5.   Plan for Emergencies

Unexpected expenses can occur at any time of day. But, with the help of your partner, you can manage your financial life during uncertain times together. Take the Coronavirus outbreak, for instance. Many businesses had to shut down, leaving just as many unemployed and in a terrible shortage crisis. Therefore, keep an open mind and save some of your income for medical or other emergencies. So, instead of hiding and keeping it off the books, share everything with your partner so you can adjust your budget plans as needed.

6.   Establish Communication

As mentioned before, communication is the key to a long, successful, and financially well-off marriage. The most important thing is being respectful when talking about money. Don’t give your significant other a hard time just because they had to buy a new hat, for instance. On the other hand, if your spouse is a big spender, sit down and talk it out. Then, plan together how to help your spouse develop good spending habits.

7.   Choose a Joint or Separate Account

A joint account helps couples manage their finances together and avoids the temptation to hide money. This can include checking accounts, savings accounts and credit cards. Having a separate account can provide financial independence and privacy. However, it creates mistrust among couples as the other partner cannot track the expenses.

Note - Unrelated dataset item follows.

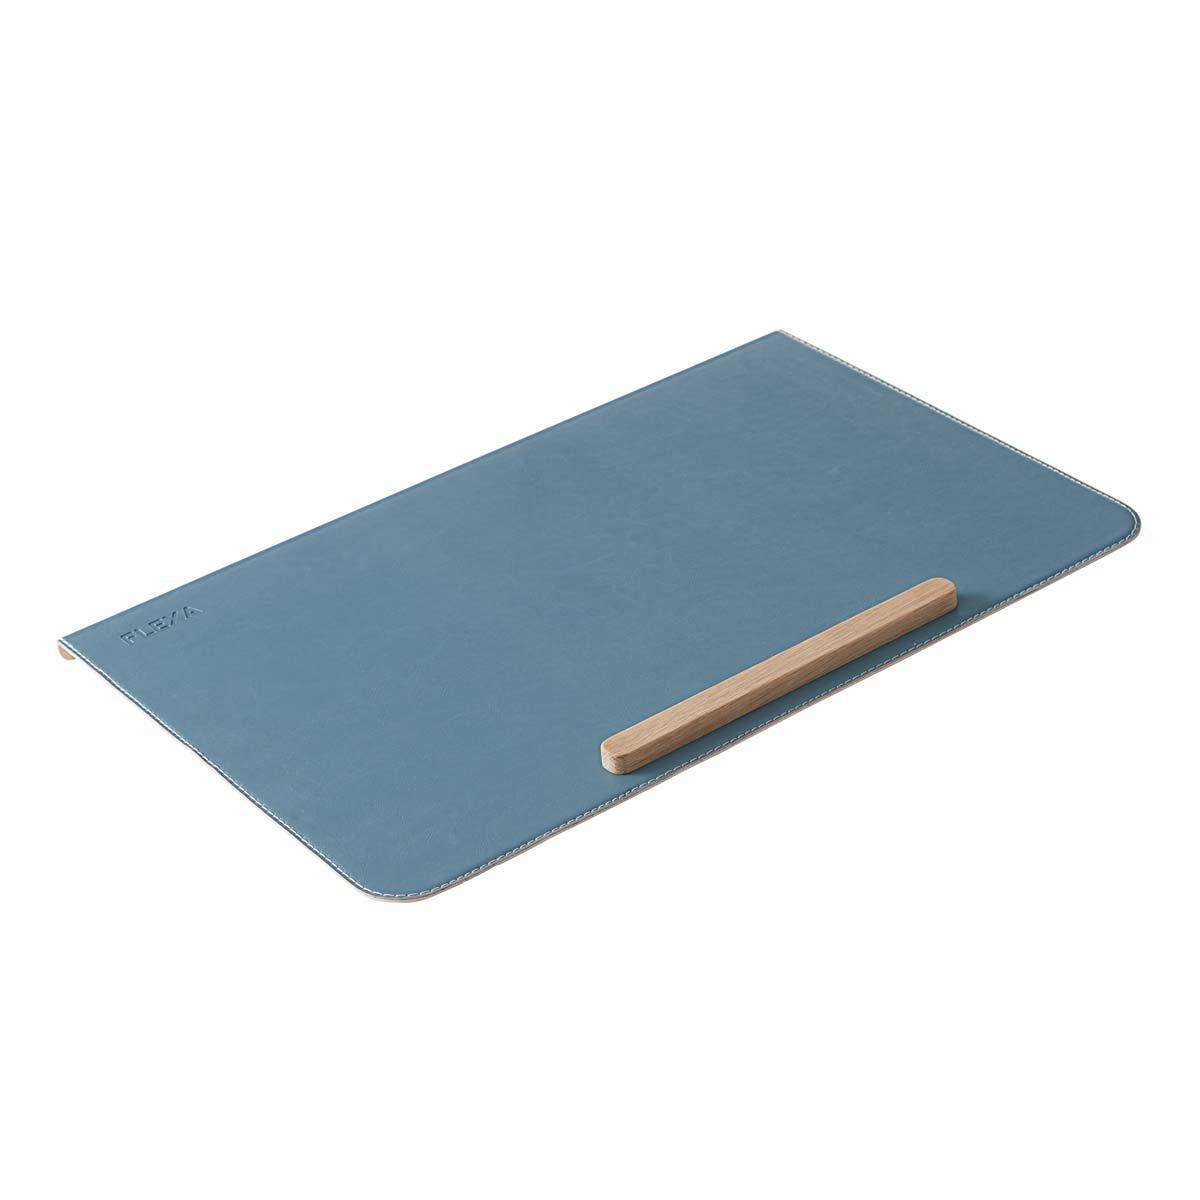 Protector escritorio EVO-MOBY-WOODY Flexa azul

Choose the option that works best for both you and your spouse.

8.   Consider Seeking a Financial Advisor

If you’re still struggling to create a trustworthy plan, consider seeking help from a professional such as a financial advisor or an accountant. They can provide you with options, support, and guidance in creating the perfect financial plan that is acceptable to both of you.

Another upside to seeking professional help is that they can also advise on understanding financial products, especially if you’re a homeowner, and whether or not you should take a loan based on your current financial situation.

9.   Review and Update Your Financial Plan

Creating financial plans is not a one-time thing. Personal factors such as health, career change, age, and having children can affect your financial plan. Therefore, it needs to be reviewed and updated periodically to ensure you and your partner are on the same page and working to achieve the same financial goals.

Final Thoughts

Creating a trustworthy financial plan can help build transparency and honesty in your relationship. It’ll help avoid conflicts and financial infidelity and strengthen your marriage. These steps can help both of you achieve your financial goals and lead a well-off life together. Communication plays a pivotal role in this situation, so remember to share any expenses incurred so you can adjust your budget. A trustworthy financial plan can ultimately ensure long-term financial and marriage success.